[WORK INSTRUCTIONS]:
Set down, word for word, every line of the material below from the one containing "Fender Player Series Necks" through the one containing "Crofton Mini Ceramic Baking Dishes", but none of its pictures.

(Beginning of DATA EXTRACTS)

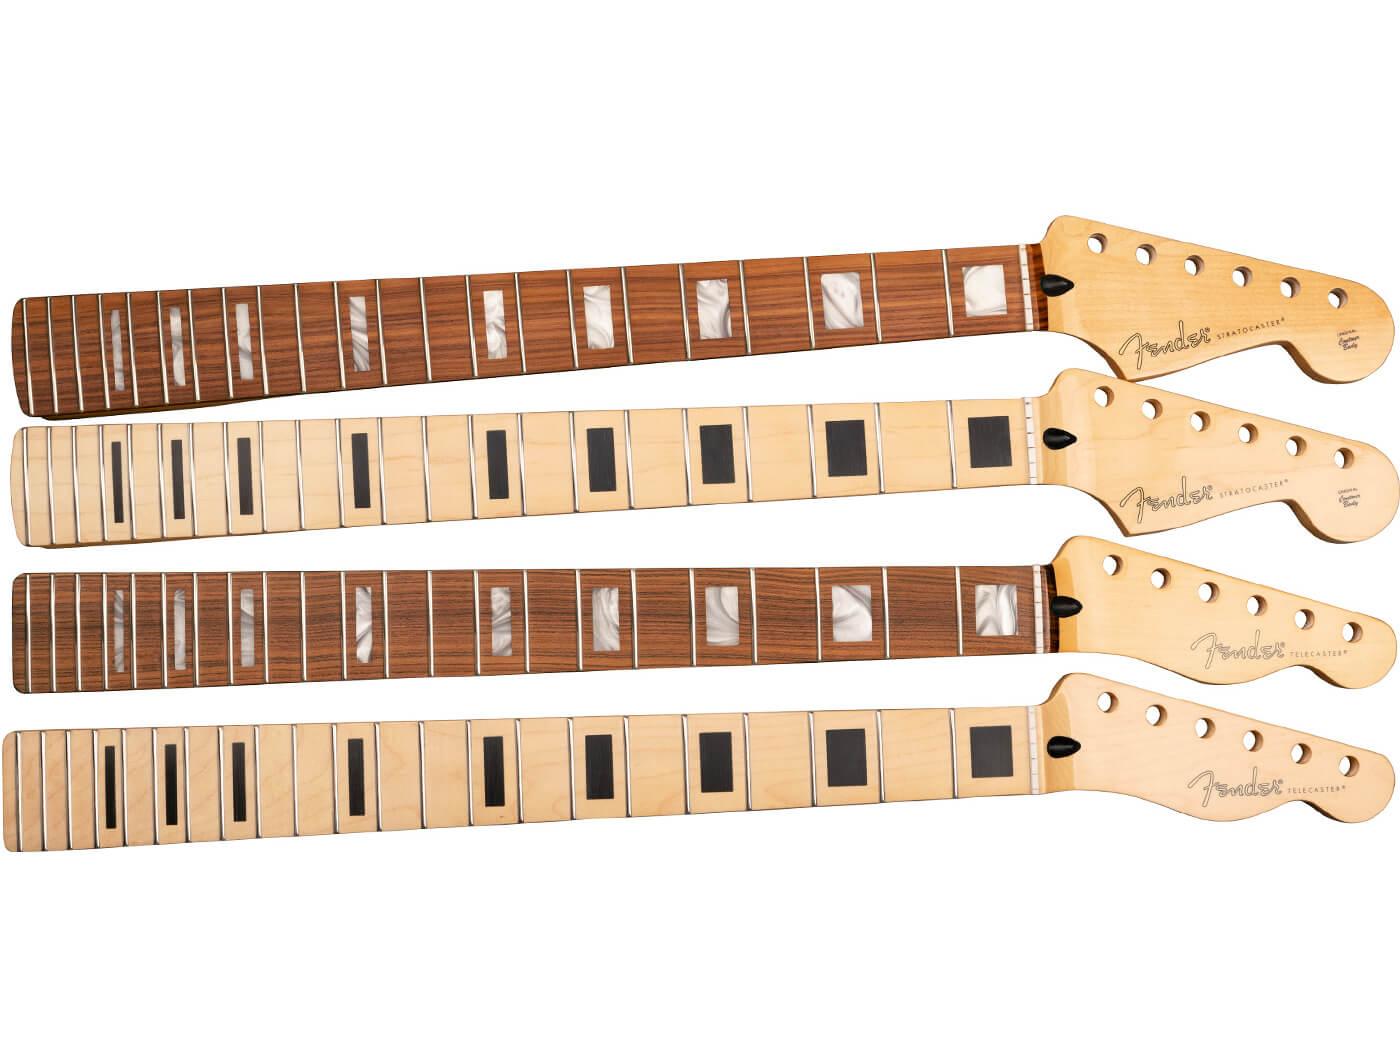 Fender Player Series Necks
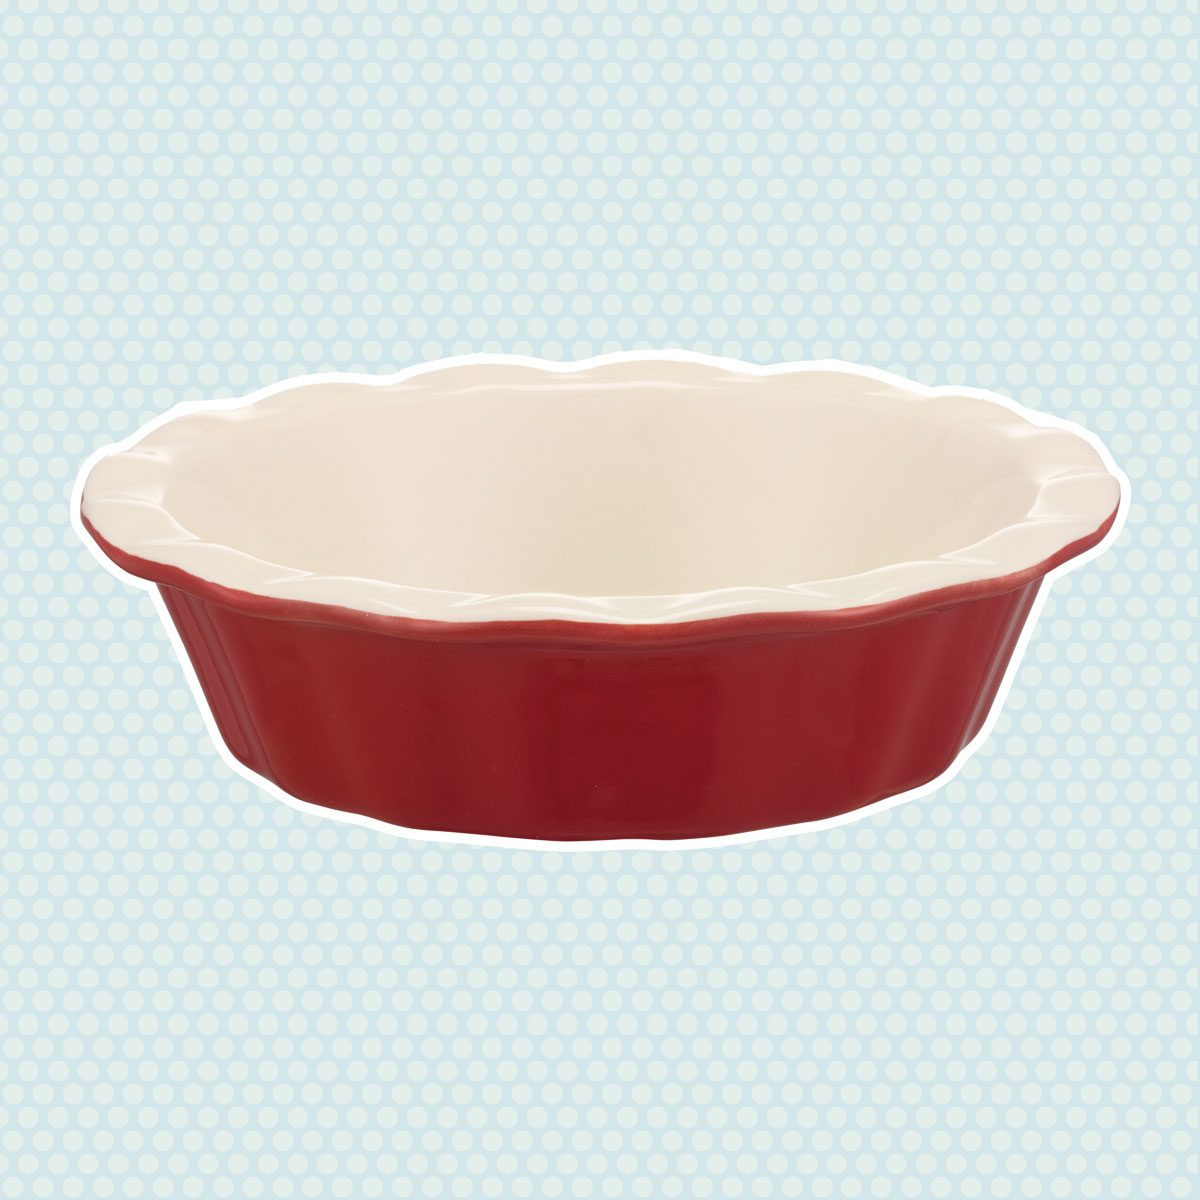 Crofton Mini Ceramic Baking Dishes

(End of DATA EXTRACTS)
(Beginning of DATA EXTRACTS)

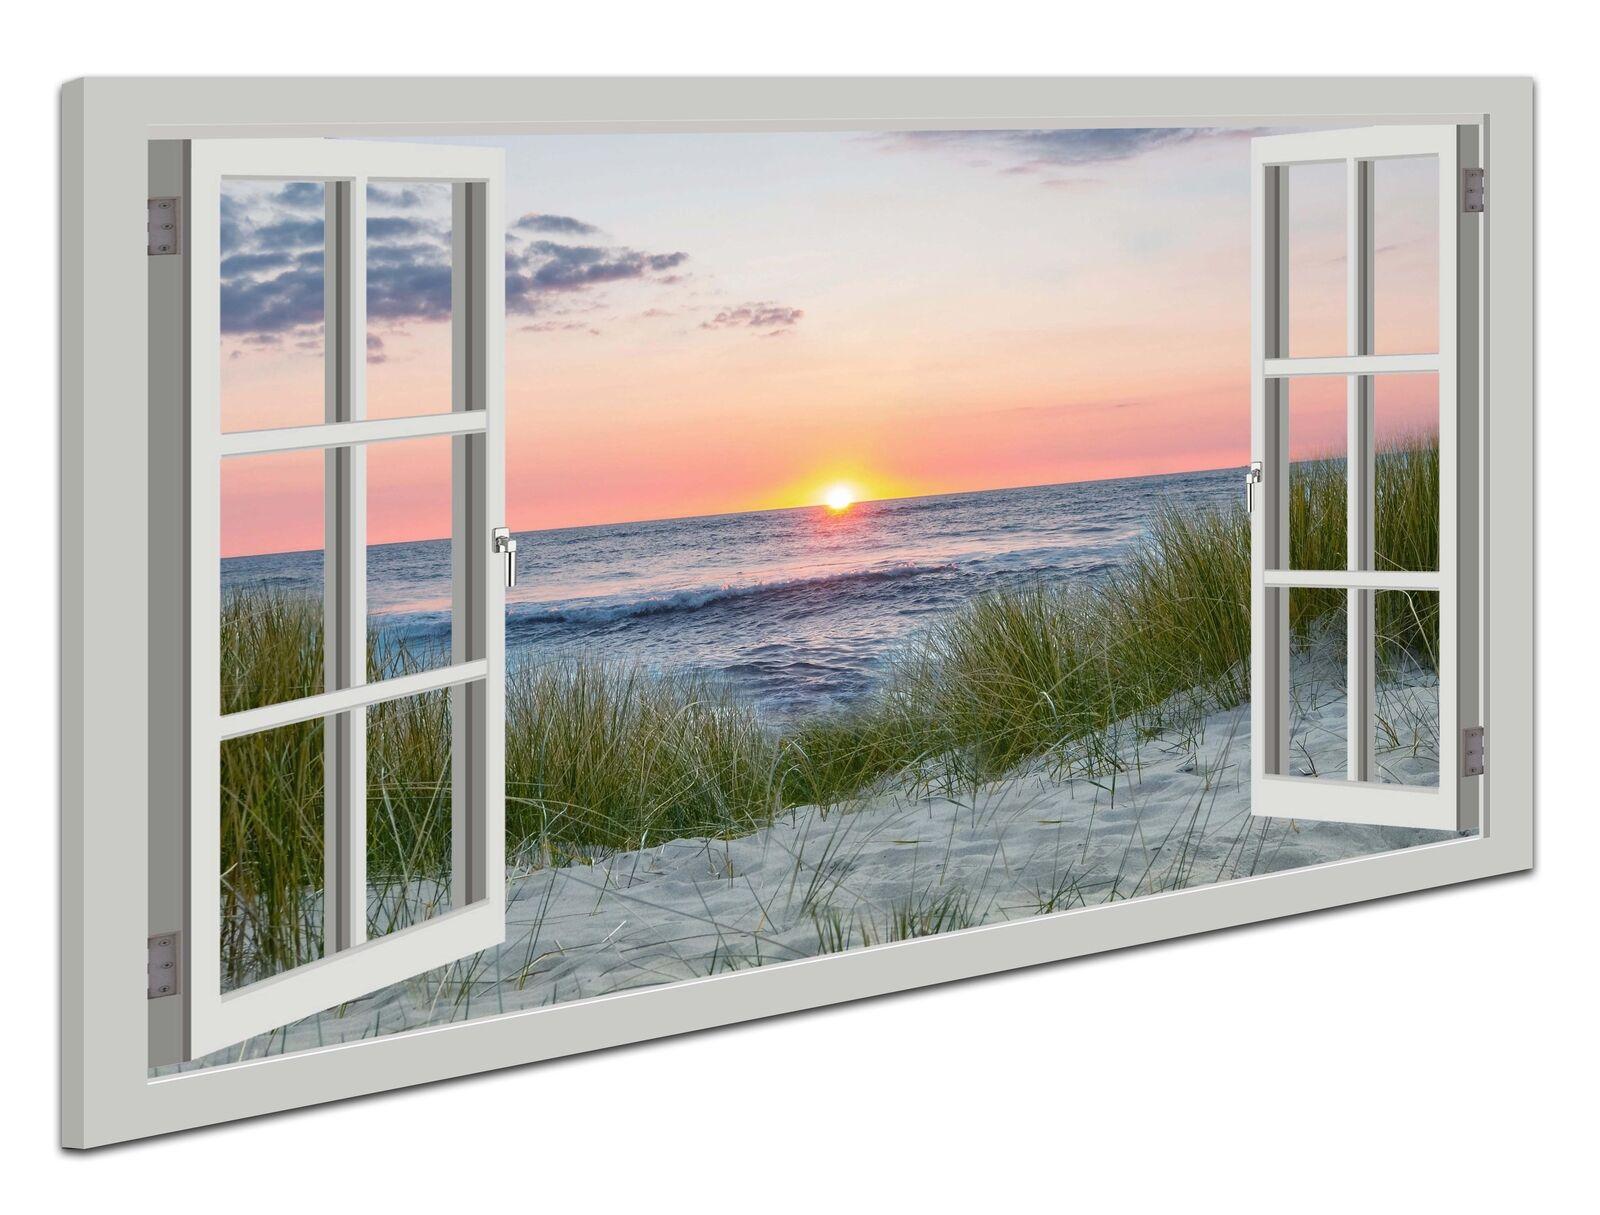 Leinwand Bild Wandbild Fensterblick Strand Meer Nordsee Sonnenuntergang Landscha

(End of DATA EXTRACTS)
(Beginning of DATA EXTRACTS)

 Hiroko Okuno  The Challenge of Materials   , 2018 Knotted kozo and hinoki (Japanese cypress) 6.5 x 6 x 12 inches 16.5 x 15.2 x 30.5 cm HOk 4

(End of DATA EXTRACTS)

[RESPONSE AREA]:
 Fender Player Series Necks
 Crofton Mini Ceramic Baking Dishes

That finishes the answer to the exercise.